À tout moment, lorsque les circonstances le justifient, l'inspecteur du travail peut intervenir pour demander le retrait ou la modification des clauses ne respectant pas le contenu obligatoire du contrat de travail, ou contraires aux lois, règlements et conventions collectives applicables, ou n'étant pas rédigées en français (Art. L. 1322-1 et suivants du Code 
du travail). L'employeur doit, le cas échéant, se conformer à la décision de l'inspecteur du travail. À défaut, une contravention de quatrième classe pourra être dressée à son encontre (Art. R. 1323-1 du Code du travail). L'employeur peut également, durant les deux mois suivant la notification de l'inspecteur du travail, exercer un recours hiérarchique, puis, si besoin est, un recours contentieux.
Le conseil des prud'hommes peut écarter une clause du règlement intérieur à l'occasion du règlement d'un litige entre un employeur et un salarié. En ce cas, il doit en avertir l'inspecteur du travail. Les dispositions du règlement intérieur relatives à la discipline et aux sanctions ne lient pas le juge dans son pouvoir de qualification des faits reprochés au salarié. Le juge judiciaire est également compétent pour connaître d'une action en annulation à titre principal d'une ou plusieurs clauses du règlement intérieur (Cass. soc. 16 déc. 1992, n° 90-14337 P, société Alsthom ; et Cass. soc. 7 nov. 2006, n° 04-41390 P, société Crédit Industriel 
de l'Ouest).

« L'inspecteur du travail peut demander le retrait 
de certaines clauses 
du règlement »

Affichage
Les obligations de l'employeur
Une ordonnance ministérielle a simplifié les obligations de l'employeur en matière d'affichage et de transmission de documents à l'administration (ordonnance n° 2014-699 du 26 juin 2014), notamment au regard des élections professionnelles (voir article publié dans la NVO n° 3524 du 8 août 2014, p. 25).
Cependant, certaines informations et certains textes doivent obligatoirement être affichés dans l'entreprise par l'employeur.
C'est notamment le cas pour :
 - le règlement intérieur, qui doit être affiché à une place convenable aisément accessible dans les lieux où le travail est effectué, ainsi que dans les locaux et à la porte des locaux où se fait l'embauchage (art. R. 1321-1 du Code du travail) ;
 - la liste des membres au comité d'hygiène, de sécurité et des conditions de travail, qui doit être affichée dans les locaux affectés au travail. Elle doit comporter les indications relatives à l'emplacement de travail habituel des membres de ce comité (art. R. 4613-8 du Code du travail).

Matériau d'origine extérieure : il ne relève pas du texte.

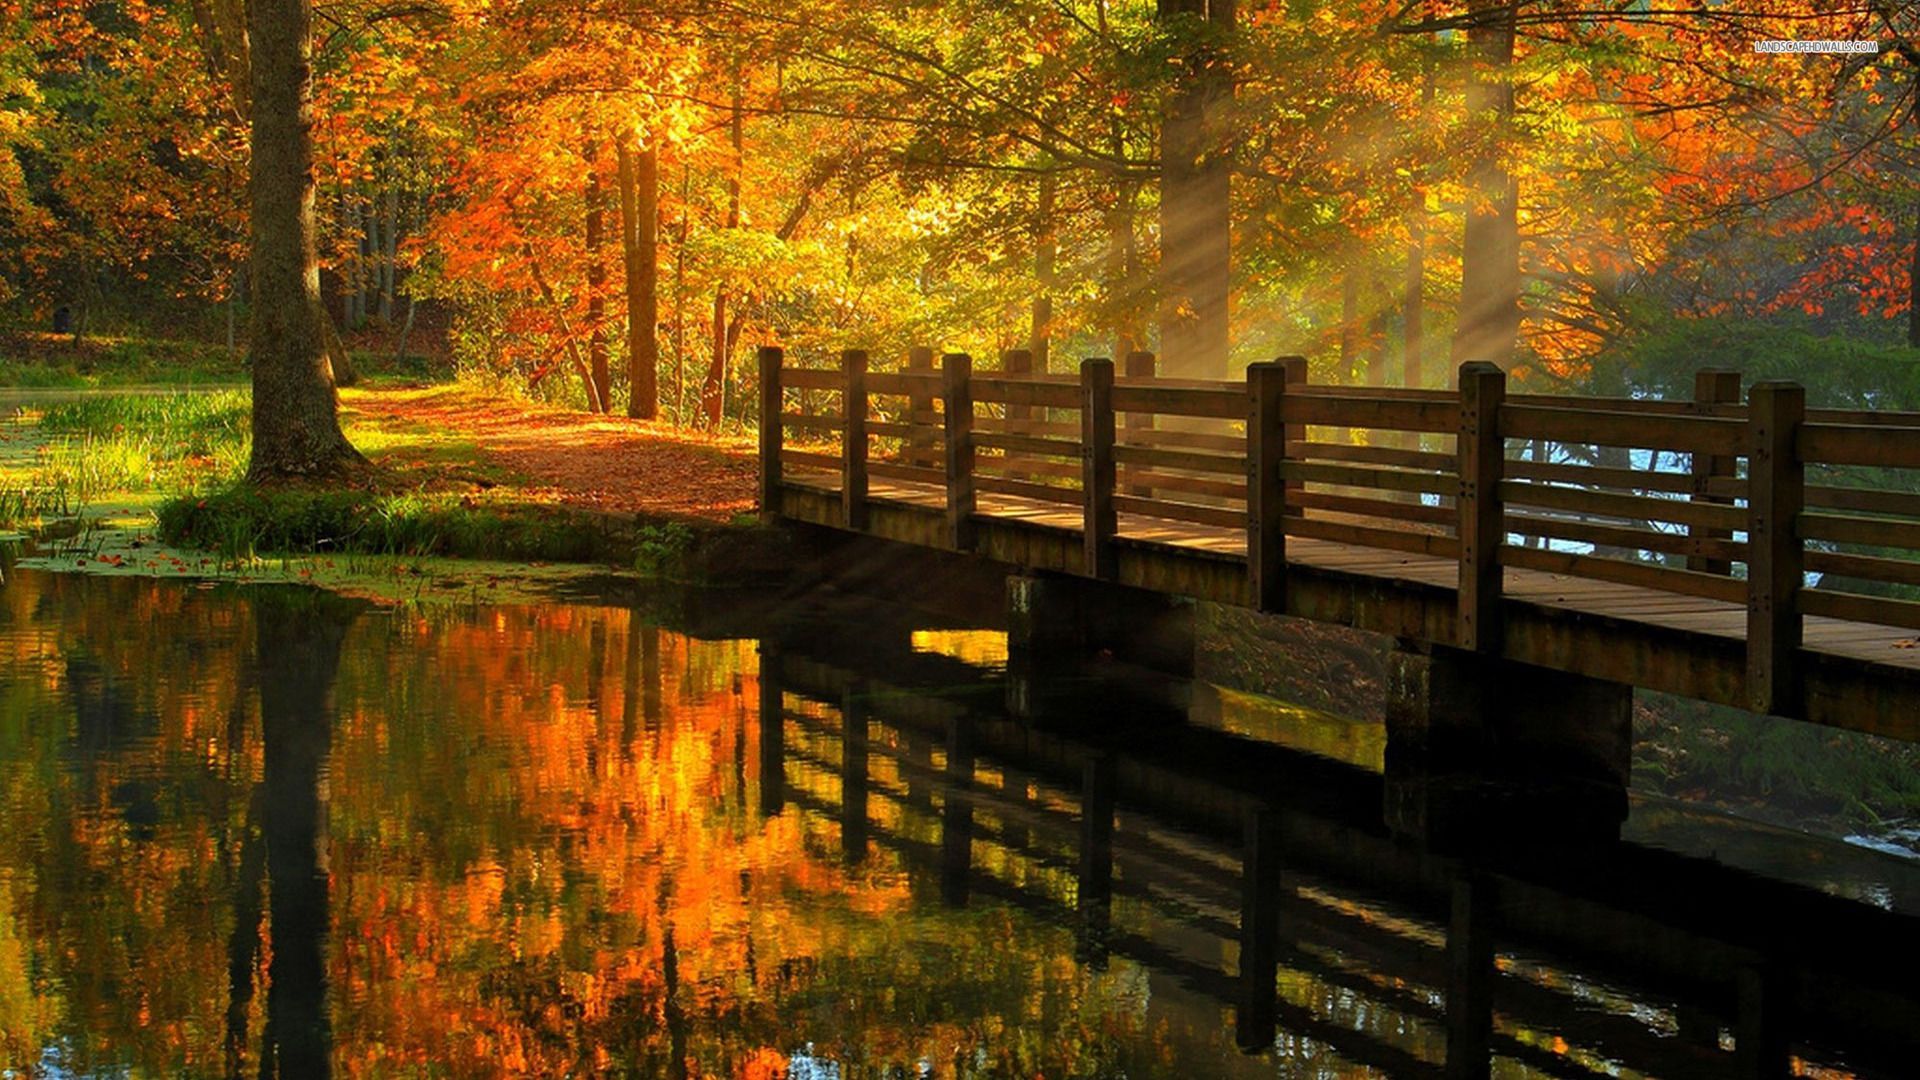 Wooden bridge in the autumn forest wallpaper. Forest wallpaper, Autumn forest, Picture of bridges

L'employeur affiche, dans des locaux normalement accessibles aux travailleurs, l'adresse et le numéro d'appel (art. D. 4711-1 du Code du travail) :
1° du médecin du travail ou du service de santé au travail compétent pour l'établissement ;
2° des services de secours d'urgence ;
3° de l'inspection du travail compétente ainsi que le nom de l'inspecteur compétent.
D'autre part, dans les établissements occupant du personnel féminin, les textes relatifs à l'égalité de rémunération entre les hommes et les femmes sont affichés dans les lieux de travail ainsi que dans les locaux ou à la porte des locaux où se fait l'embauchage (art. R. 3221-2 du Code du travail).